Jordan Bardella le répète, il « refusera d’être nommé » à Matignon sans majorité absolue à l’issue des législatives.
Un « appel à la mobilisation » des électeurs, selon ses lieutenants, mais aussi une précaution supplémentaire du RN, déjà en train de lisser son programme radical.
Besoin de «légitimité»
« Si demain je suis en capacité d’être nommé à Matignon et que je n’ai pas de majorité absolue (…) eh bien je refuserai d’être nommé », a lancé le président du Rassemblement national mardi soir sur France 2.
« Un Premier ministre de cohabitation avec une majorité relative ne pourrait pas changer les choses », a-t-il complété mercredi.
« C’est pour que les Français viennent voter », explique Renaud Labaye, bras droit de Marine Le Pen et secrétaire général du groupe RN à l’Assemblée nationale. Le parti d’extrême droite reste marqué par la démobilisation des régionales 2021, durant lesquelles il n’était pas parvenu à remporter la moindre région, malgré des sondages plutôt favorables.
« On n’a pas été traumatisé, mais presque », reconnaît M. Labaye, qui espère cette fois une « participation élevée » pour renforcer la « légitimité » de l’élection.
Après deux ans d’usure des macronistes, privés de majorité absolue à l’Assemblée nationale, les cadres du RN veulent avoir les coudées franches s’ils remportent les législatives le 7 juillet.
Car le risque est réel d’une paralysie de l’Assemblée avec trois blocs sans majorité claire – Nouveau Front populaire, macronistes et RN – et des députés qui pourraient faire tomber le gouvernement à tout moment avec des motions de censure à répétition.

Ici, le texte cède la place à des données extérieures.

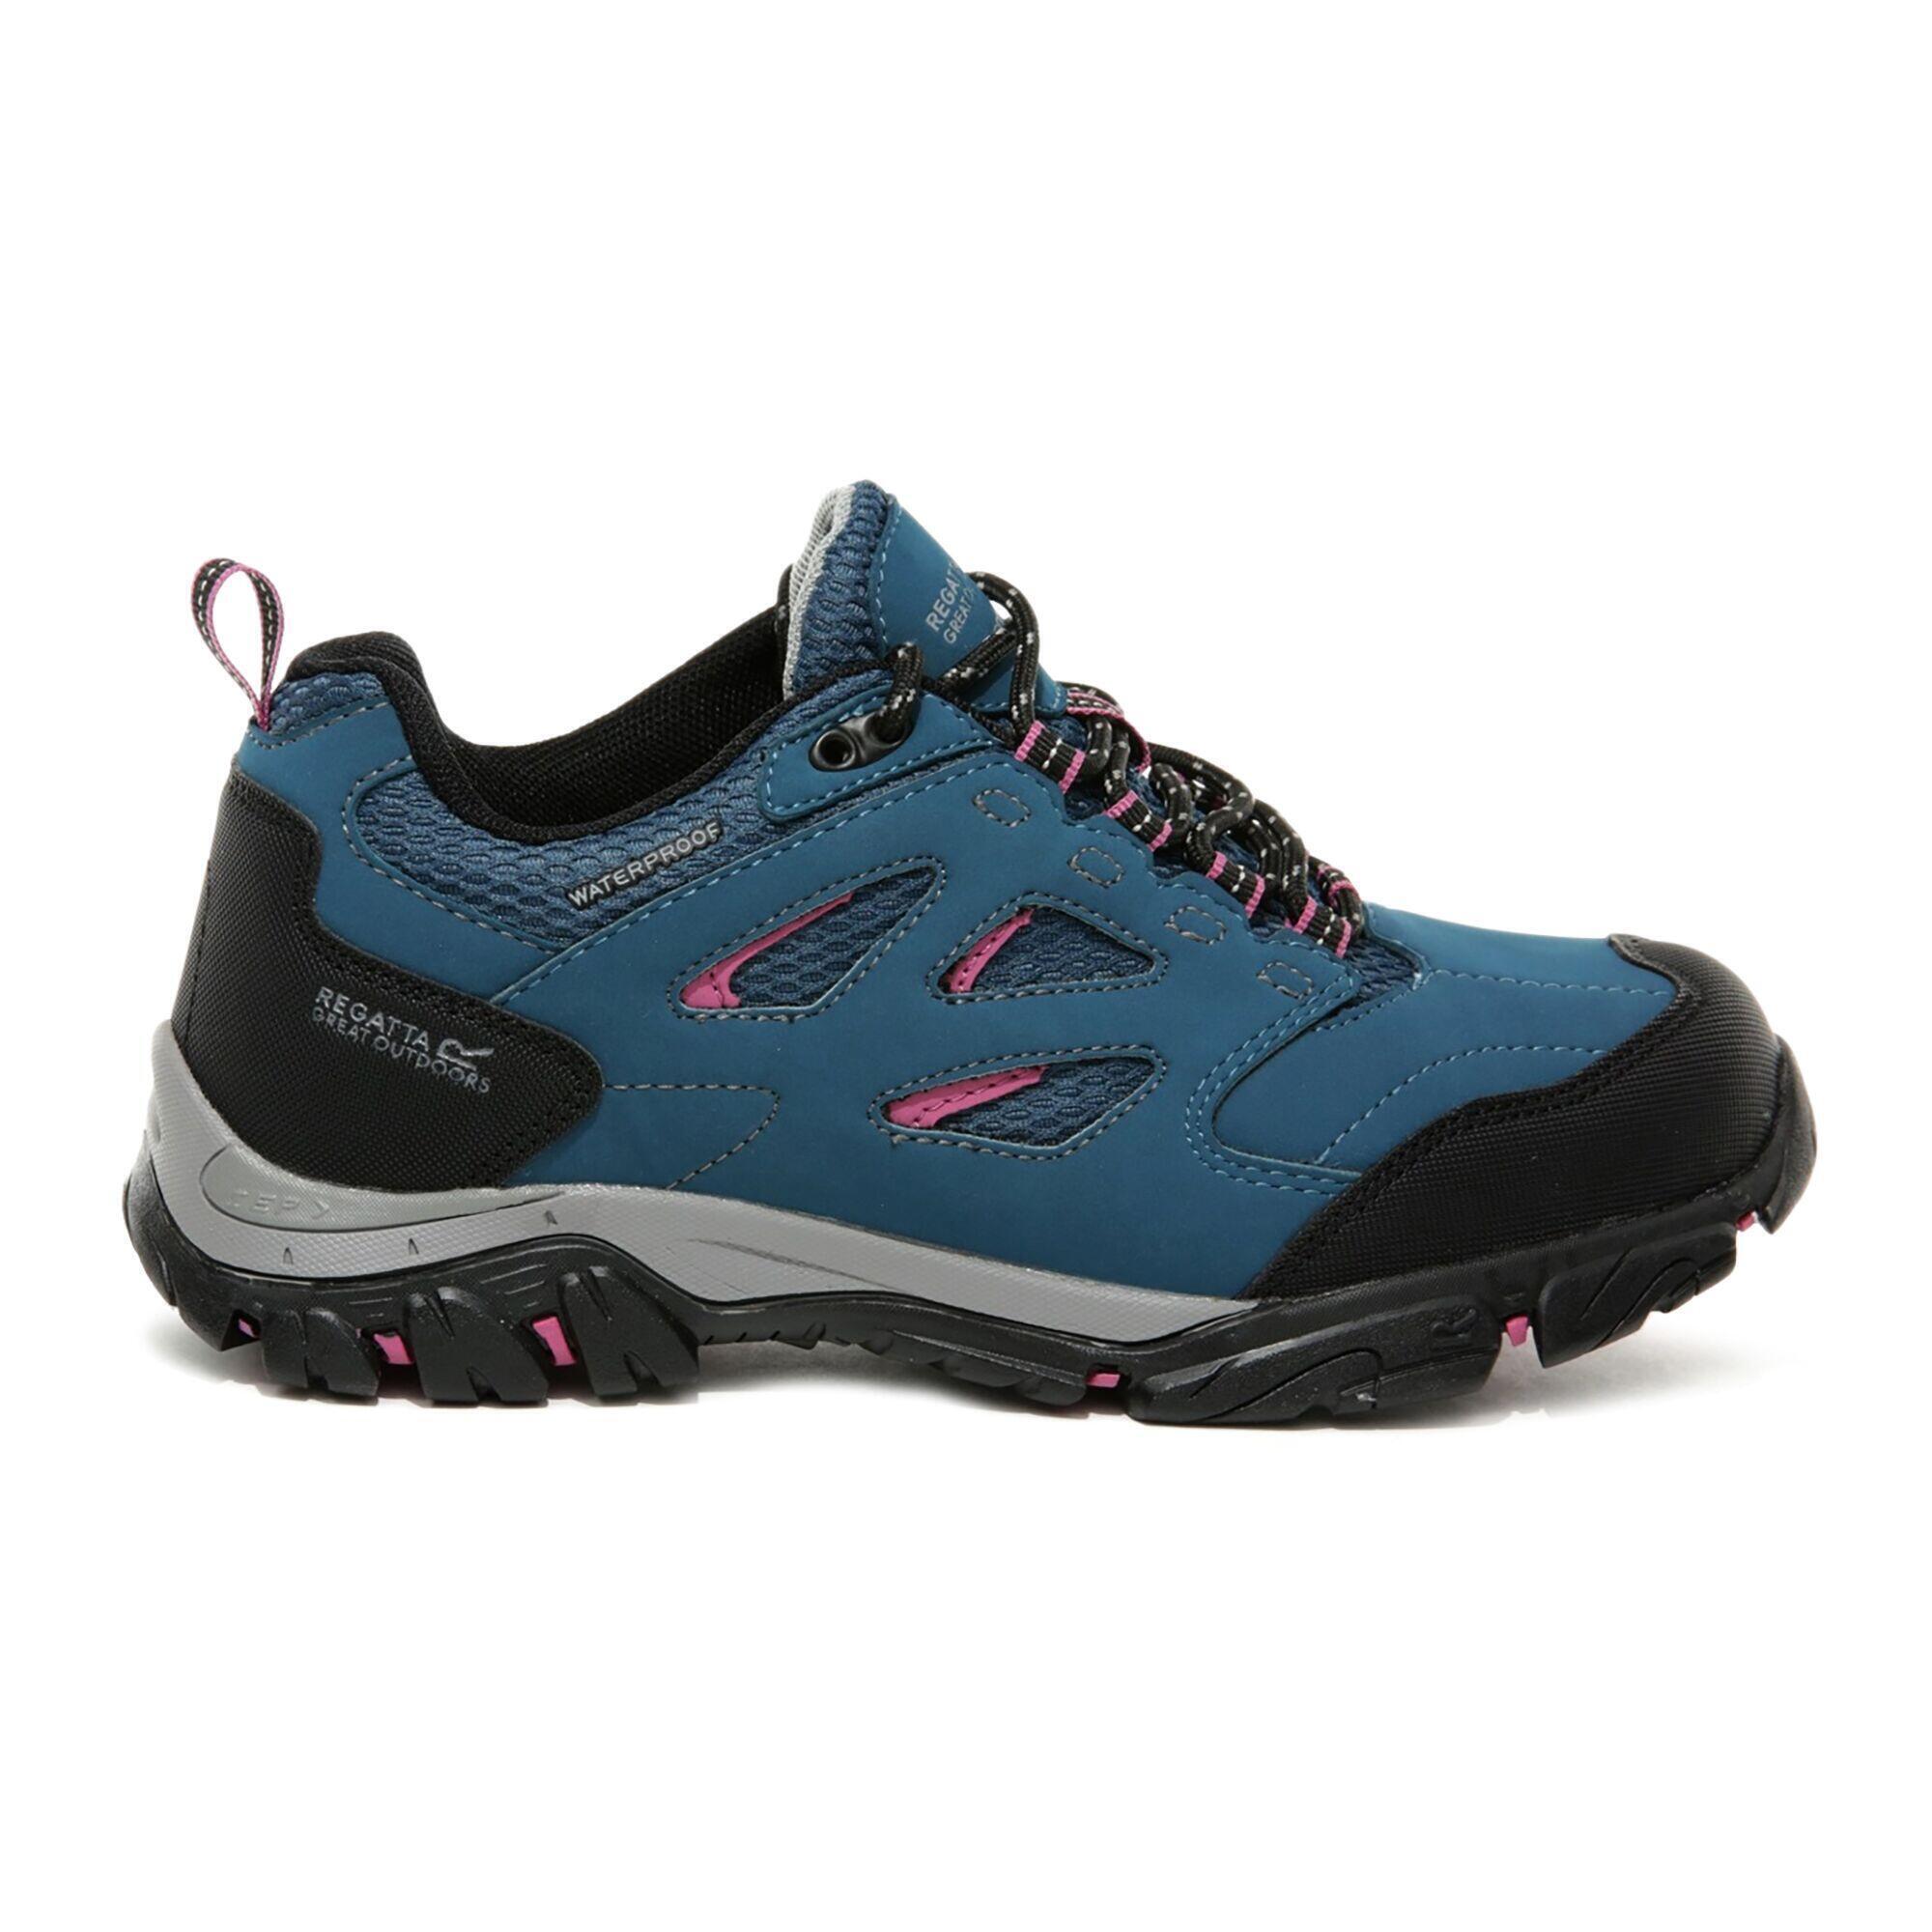 Lady Holcombe IEP Low Women's Hiking Boots - Moroccan Blue / Red 1/5

Une autre menace pourrait planer: la constitution encore très hypothétique d’une vaste coalition anti-extrême droite. « Même en cas de majorité relative (du RN) proche de l’absolue (289 sièges), on peut imaginer une alliance de tous les autres blocs », estime la constitutionnaliste Anne Levade.
Non à Matignon ? A voir…
La sentence de Jordan Bardella semble toutefois moins définitive qu’il n’y paraît. Une majorité relative assez large pourrait changer la donne.
« On verra après le second tour s’il y a des gens, peut-être chez LR, qui n’ont pas suivi (le rallié) Eric Ciotti à l’instant T et qui veulent bâtir une majorité avec le RN », temporise Renaud Labaye, par exemple « 260 députés (RN) et 30 députés autour de Ciotti » pour un « contrat de coalition ».
Sur Public Sénat, le député Julien Odoul a aussi renvoyé la question au « choix des Français », en demandant une « majorité stable » pour que Jordan Bardella ne soit « pas à la merci de la première motion de censure » de l’Assemblée nationale.
L’enjeu est d’avoir les « marges de manoeuvre » pour gouverner, sans trop s’abîmer avant la présidentielle de 2027 à laquelle Marine Le Pen entend concourir.
« Jordan Bardella n’a intérêt ni pour lui ni pour le pays à gérer la pénurie et faire passer un budget au 49.3 » cet automne, insiste Renaud Labaye.
«Refus d’obstacle» ?
La sortie de Jordan Bardella s’inscrit plus largement dans une campagne médiatique pour arrondir l’image radicale du parti à la flamme et tenter de convaincre qu’il est capable d’exercer le pouvoir.
Le patron du RN, qui avait déjà temporisé sur l’abrogation de la réforme des retraites d’Emmanuel Macron, a édulcoré les positions lepénistes sur un autre volet mercredi: la politique étrangère.
Il « n’entend pas remettre en cause les engagements » de la France en matière de défense, a-t-il affirmé, alors qu’il y a seulement deux ans Marine Le Pen prônait la sortie du commandement intégré de l’Otan.
« Le RN réclame à cor et à cri son arrivée au pouvoir, mais le plan pour Matignon n’était pas encore prêt » côté programme, juge le sociologue Etienne Ollion, spécialiste du Parlement.